(Please don't) call me crazy, but in many ways, I'm grateful for my mental illness. I'm grateful that it got to the point where I had to ask for help. I'm grateful that the resources and treatments I needed were so readily available to me. I'm grateful that 'hitting rock bottom' compelled me to work on my self-awareness, my behaviour, and my worldview, to the point where I feel like I've become a relatively happy person.
Staying mentally well is an ongoing effort for me, but as a happy result of the hard yards I've already done, I've gathered many skills and frameworks that can make life a whole lot easier. Sometimes I wish I could impart these lessons to my younger self. I'd go, "Hey, eight-year-old munchkin. Step away from your piano practice for like, fifteen minutes while I give you some words of wisdom that will help you for the rest of your adorable life."
And then I'd tell her this:
1. There are invisible contexts behind people's behaviour. Not everything is your fault.
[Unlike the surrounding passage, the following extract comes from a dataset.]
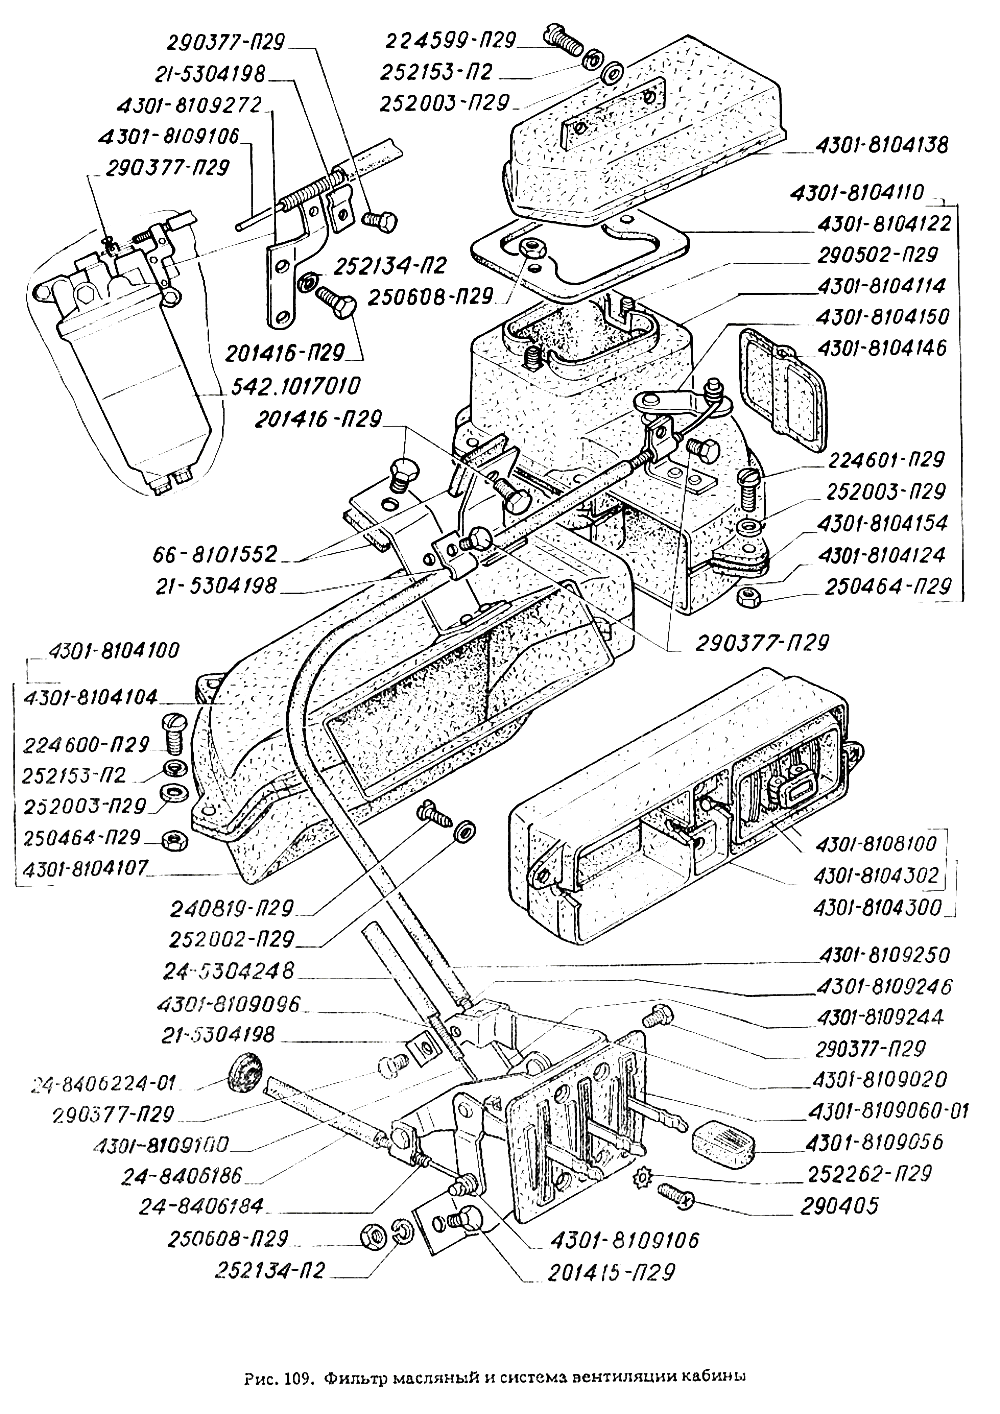 Фильтр масляный и система вентиляции кабины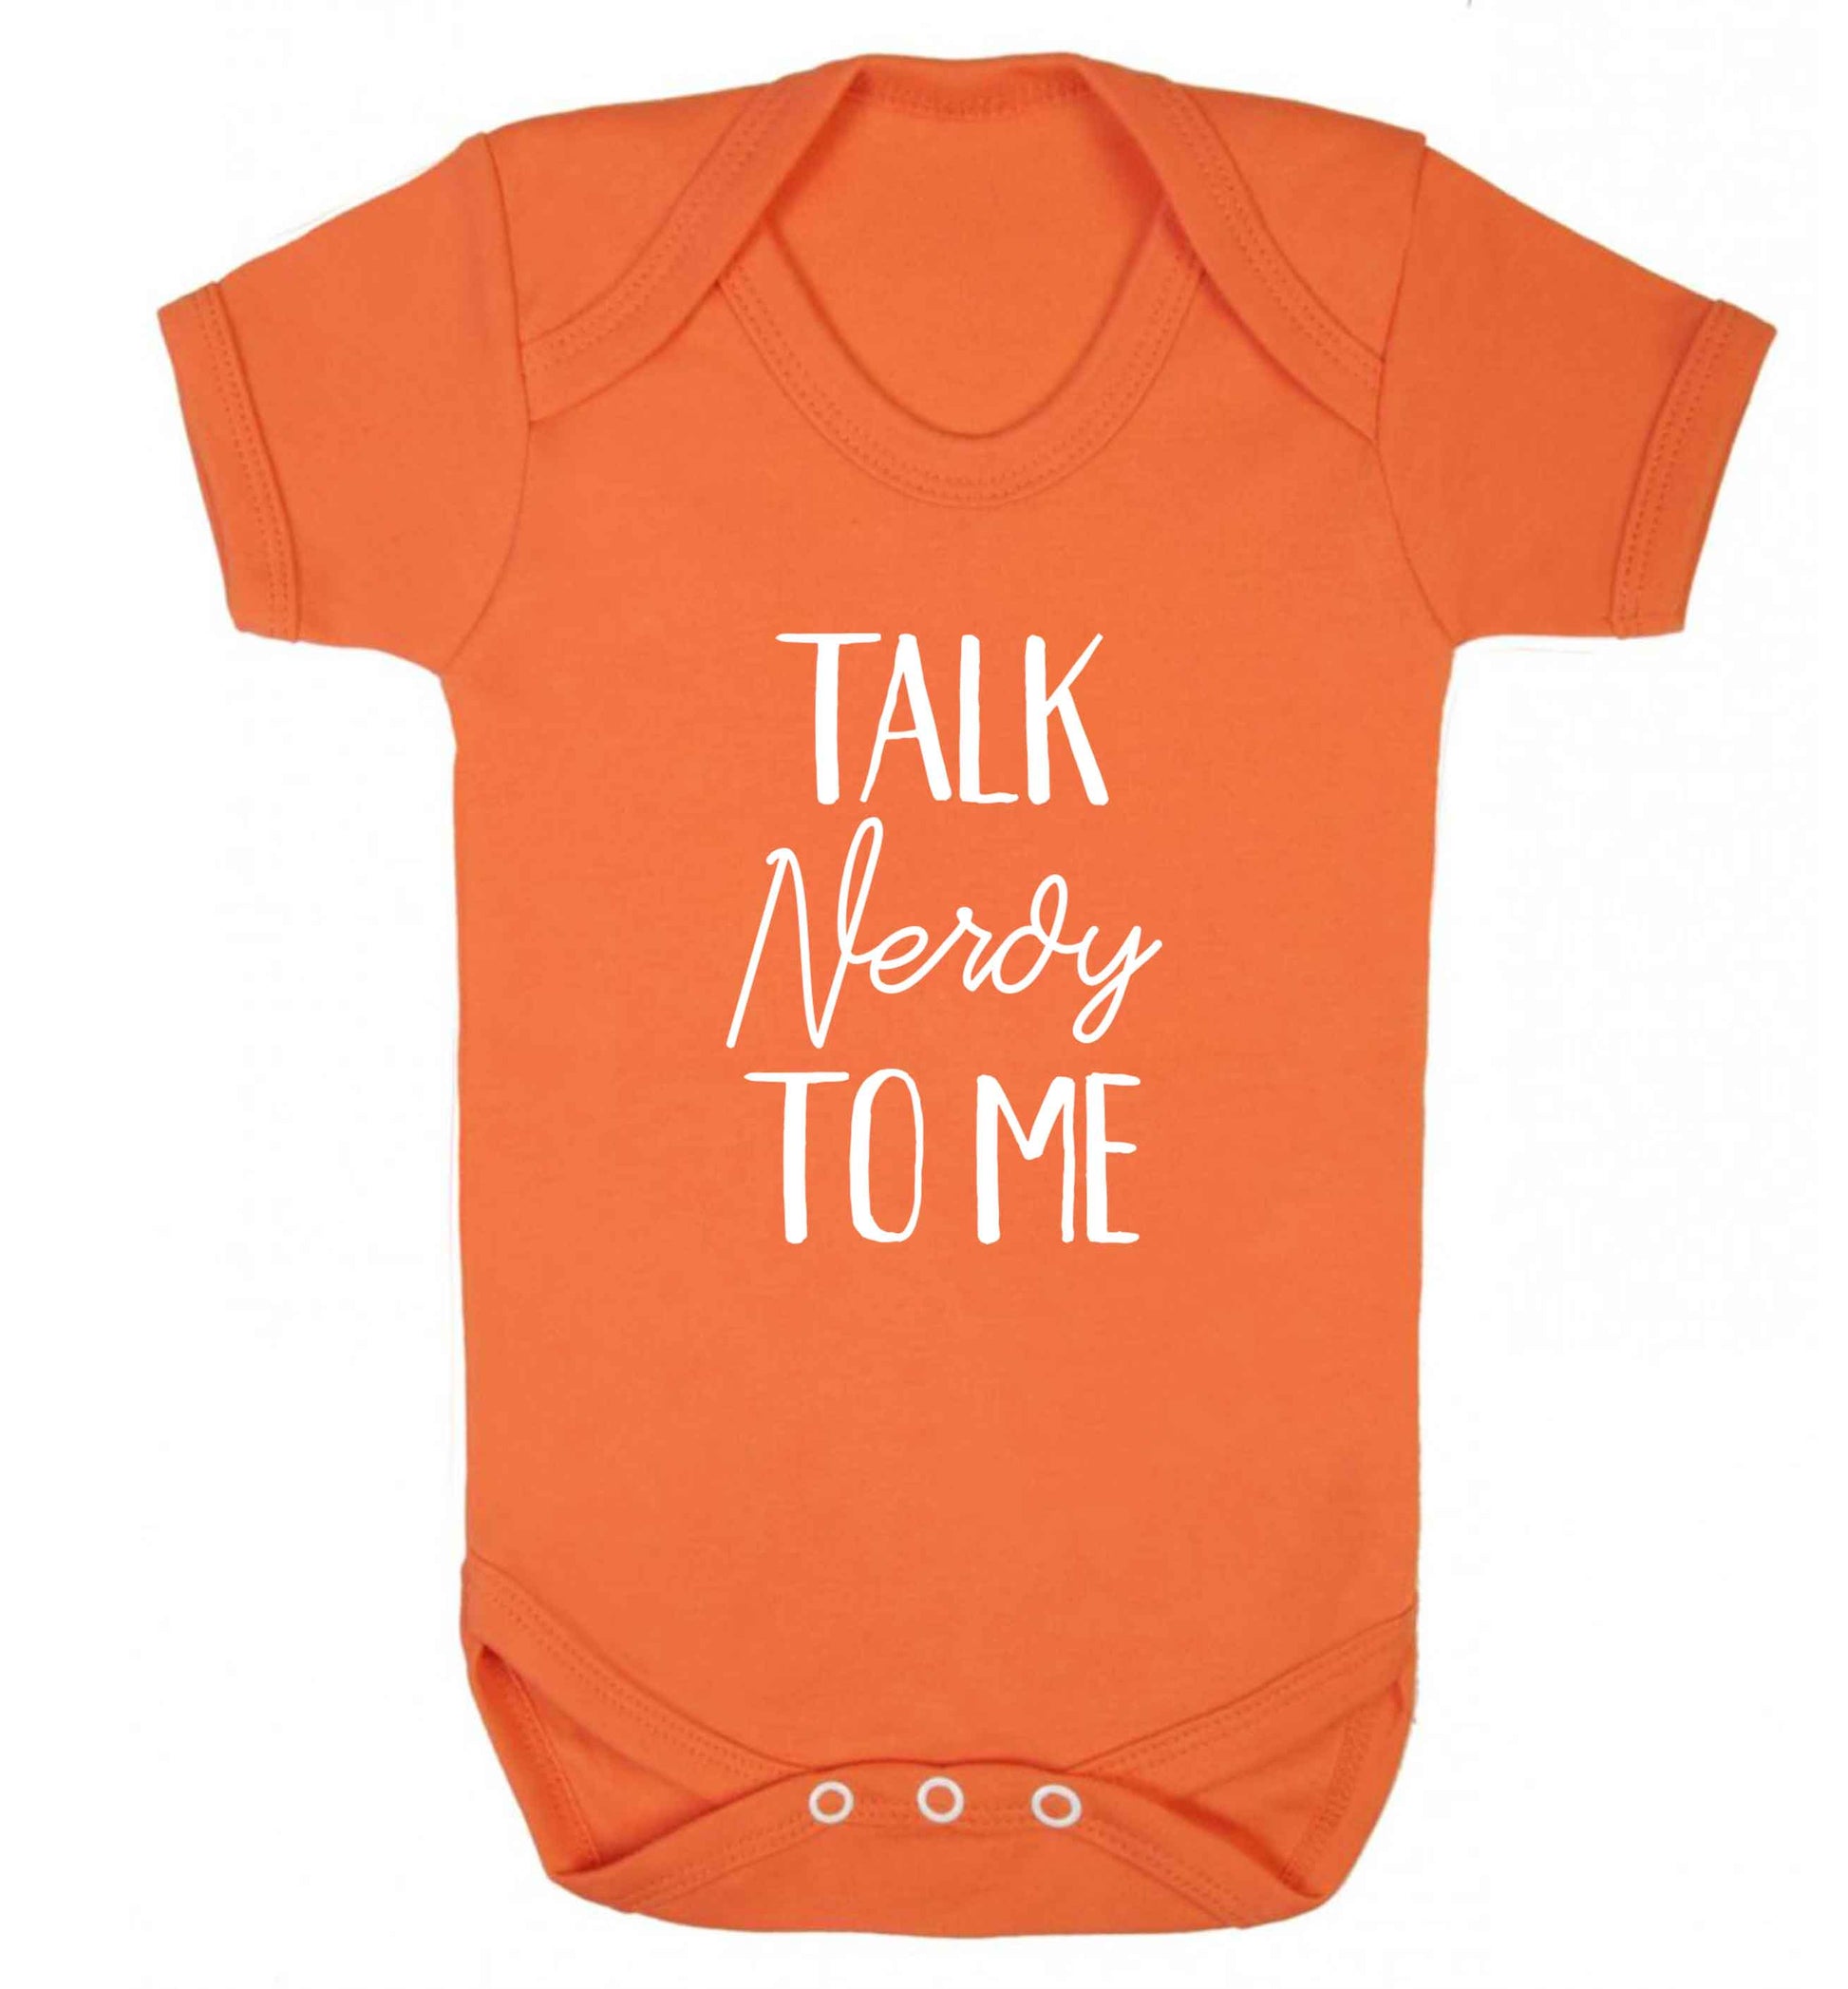 Talk nerdy to me baby vest orange 18-24 months

Imagine your best eight-year-old friend, Patricia, doesn't say hello to you when she walks into the playground one morning. How does that make you feel? Hurt, perhaps. Confused, definitely. You start thinking that you've done something wrong, and she hates you now.
Well, that might not be true. You might be a clever little girl, but one thing you can't do is read minds. Maybe Patricia had a bad morning. Maybe she had a fight with her parents, or maybe she spilt her chocolate milk all over herself in the car, or maybe a bird did a poo on her head, or maybe she was thinking of so many things that she forgot about saying hello to you for just a moment.
The point is, you don't know. But it's important to remember that other people's worlds don't revolve around you. Their actions are influenced by so many factors that you don't know about. If you assume positive intent, you can be more empathetic to other people, and a lot kinder to yourself.
2. Most negative events have a positive flip-side to them. Look for the silver lining.
I notice you have an engagement ring made out of daisies on your finger. You're incredibly young, but hey, I don't judge. Your eight-year-old fiancé, Jimbo, is a great kid. Now, imagine he's going on a very long holiday to Germany with his parents. How does that make you feel? Sad, perhaps. Scared, because you don't know whether this young love will last.
Before you start to cry, let me ask you: Why are you feeling sad and scared?
It's because you like Jimbo a lot. You like how he's nice to everyone in the class. You like how he buys chips for you from the school canteen. You like his ridiculously long eyelashes. And now, when you think of all these wonderful things, you're starting to feel neither sad nor scared, but grateful and optimistic.
This gratitude is an awesome tool that you can put in the toolbox that you carry around in your brain. Whenever anything bad happens, look for a way that you can flip it around and see the positive side.
3. Want a secret superpower? Try accumulating positive emotions.
Here's a big, juicy secret that's way better than what your sassy eight-year-old friend Britney told you last Friday. If you want to be as strong as Superwoman, and I mean mentally and emotionally resilient, then the trick is in accumulating positive emotions.
Let me put it this way. If you have an incredibly happy and balanced life, with many things going on that make you feel good, then one bully being mean to you isn't going to make you feel hurt for very long. Because deep down, you'll know that the good times make the bad times worthwhile. Your positive emotions are like a shield, protecting you against negative events.
But what does accumulating positive emotions actually mean in daily practice? Well, I've got to admit that some of it is boring. Listen to your parents when it comes to eating healthy. And exercise! Do your best in class sports. Get a good amount of sleep. Take showers, brush your teeth, and drink plenty of water. Self-care goes a long way.
That's enough of the boring stuff — here comes the fun part. Do what makes you happy long-term. If you like to draw, and sing, and dance, and read, and hang out with your friends, then go ahead! These creative and social pursuits will only make your life feel richer. And if you do all these things, next time when Bruce calls you a wuss, I bet you a million bucks you won't be stewing over it for a week.
I'm not going to lie, kiddo. These skills aren't always easy. They take hard work, perseverance, and belief. But I promise you, if you work as hard on this as you do on your spelling homework, you're going to have a damn great time on this Earth. Don't tell mum I just said a bad word.